Academician V.S. Stepin defined the nonlinear science, becoming of which takes place during modern global scientific revolution, as postnonclassical [10]. During this revolution, as well as during previous global scientific revolutions of New Time, related to appearance of classical and nonclassical science, the proper type of scientific rationality were produced. It means that system of foundations of science changes: scientific world picture, ideals and norms of scientific research and philosophical foundations of both. It needs especially to emphasize that classical and nonclassical types of scientific rationality do not disappear after appearance of postnonclassical one. They continue to work successfully in researches of their objects.

Philosophical and methodological researches of postnonclassical science were found out lots about the system of its foundations. So, in particular, by efforts of founders of nonlinear science, the world features were realized from the point of its new nonlinear world picture. I. Prigogine, for example, wrote about complexity, temporality and integrity of both the entire world and its objects, understood as the systems in their becoming [23].

Herman Haken named such becoming of a new whole the self-organization, which is created by co-operative effect of the collective coherent action of many medium elements, subordinated to the parameters of order of this new whole. He gave the name “synergetics” to new scientific trend of researches of self-organization in both natural processes and human activity [18] In course of time this trend was defined as transdisciplinary, for the reason that synergetic reconstruction of self-organization appeared applicable to the objects of many disciplines.

I will concentrate my attention on inevitable for selforganizing systems existence as the processes. It would seem processes always were the objects of science, at least, in New Time. So, Galileo, unlike Aristotle, applied mathematics for description of mechanical motion. However, consideration of nature as mathematical universe, typical for all previous linear science, determined a search of the law-governed as the steady in the examined processes. This approach can, having processes as an object (not only mechanical motion, and the changes, described by thermodynamics and electrodynamics), concentrate attention on unchanging laws, expressed by mathematical equations, and formulas of their solutions in general form.

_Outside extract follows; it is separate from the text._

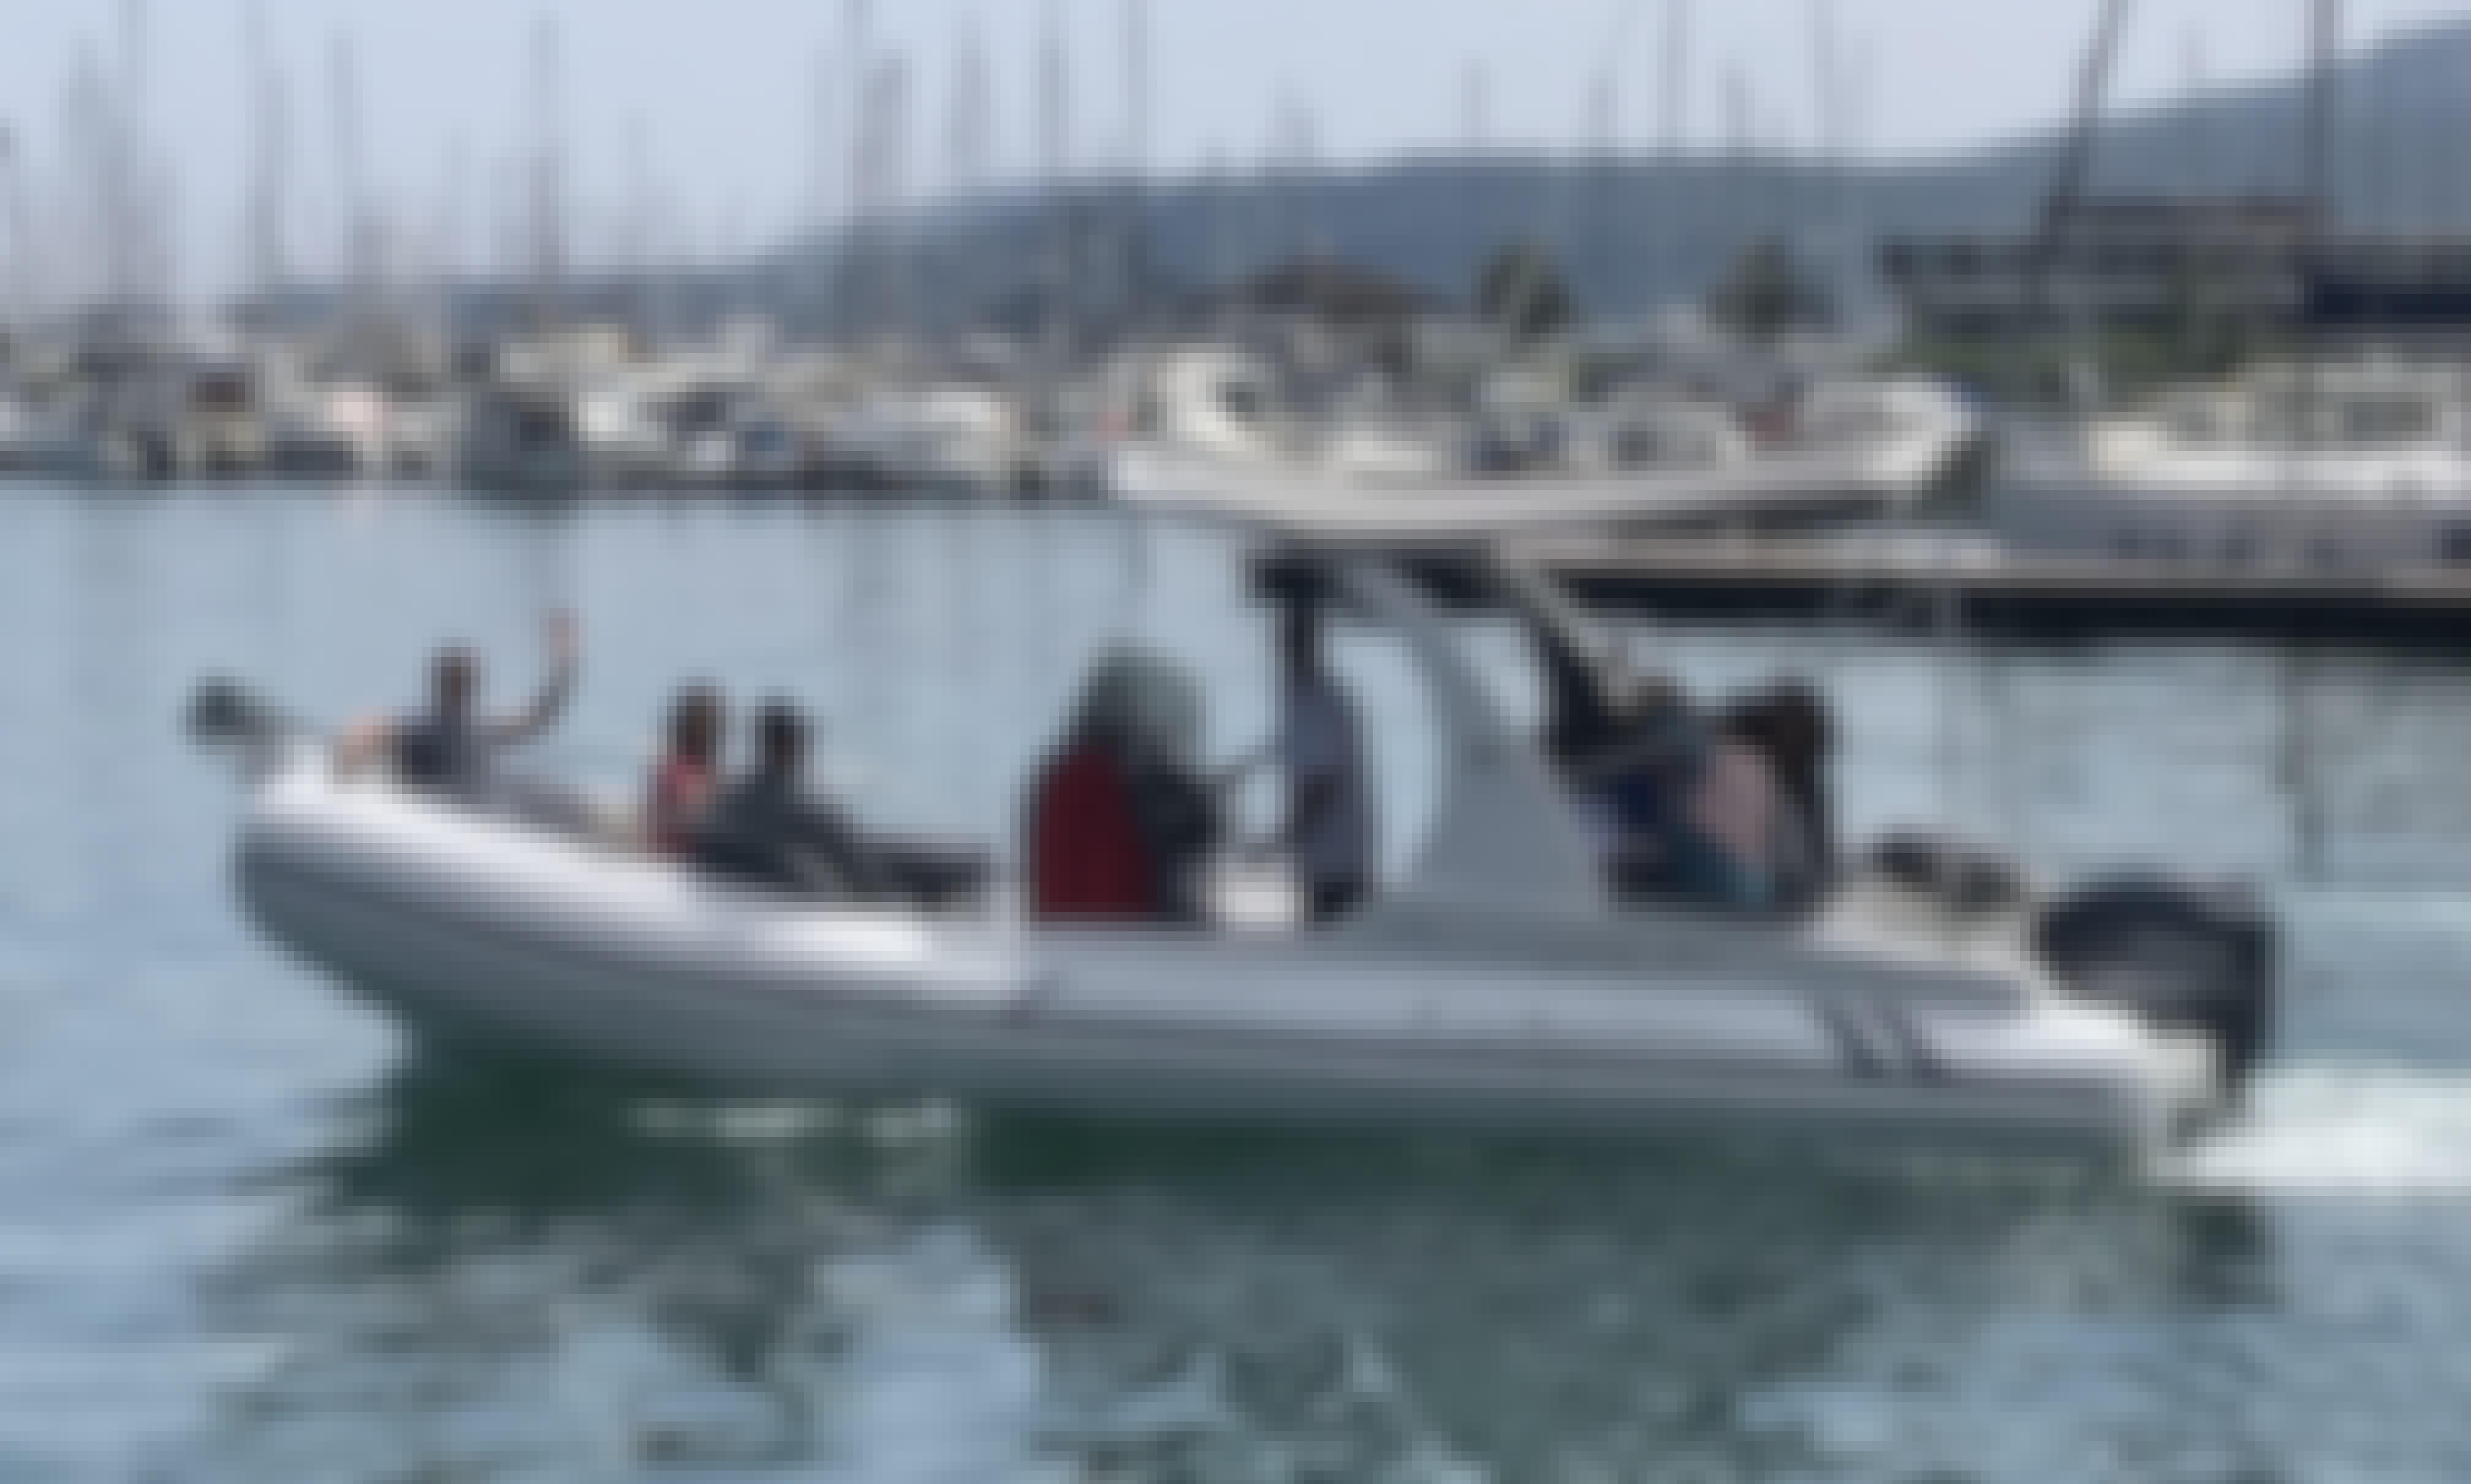 Cinque Terre Tour - Revenger 24 RIB Rental for 8 People in La Spezia, Italy

So why I. Kant wrote in “Prolegomena”, that the object of natural science is nature, as it subordinates to general laws [4, c. 68]. Thus, science had deal, foremost, with a necessity, determining the essence and expressed in laws. Contingency was connected with initial and scope conditions. Consequently, knowledge of essence gave the steady result of cognitive process, even when the objects of cognition were the changes.

Methodologically it was expressed in relations of explanation, prediction and description of scientific facts. Explanation as function of theory had a common logical structure with a prediction and both were the logical conclusions of the explainable phenomenon from the general laws of theory. These conclusions were obtained due to the solution of equations at certain casual conditions that determined the display of unchanging laws. Description of the explainable phenomenon was often preceded to its explanation and was based on other theoretical language, in particular, on language of device theories.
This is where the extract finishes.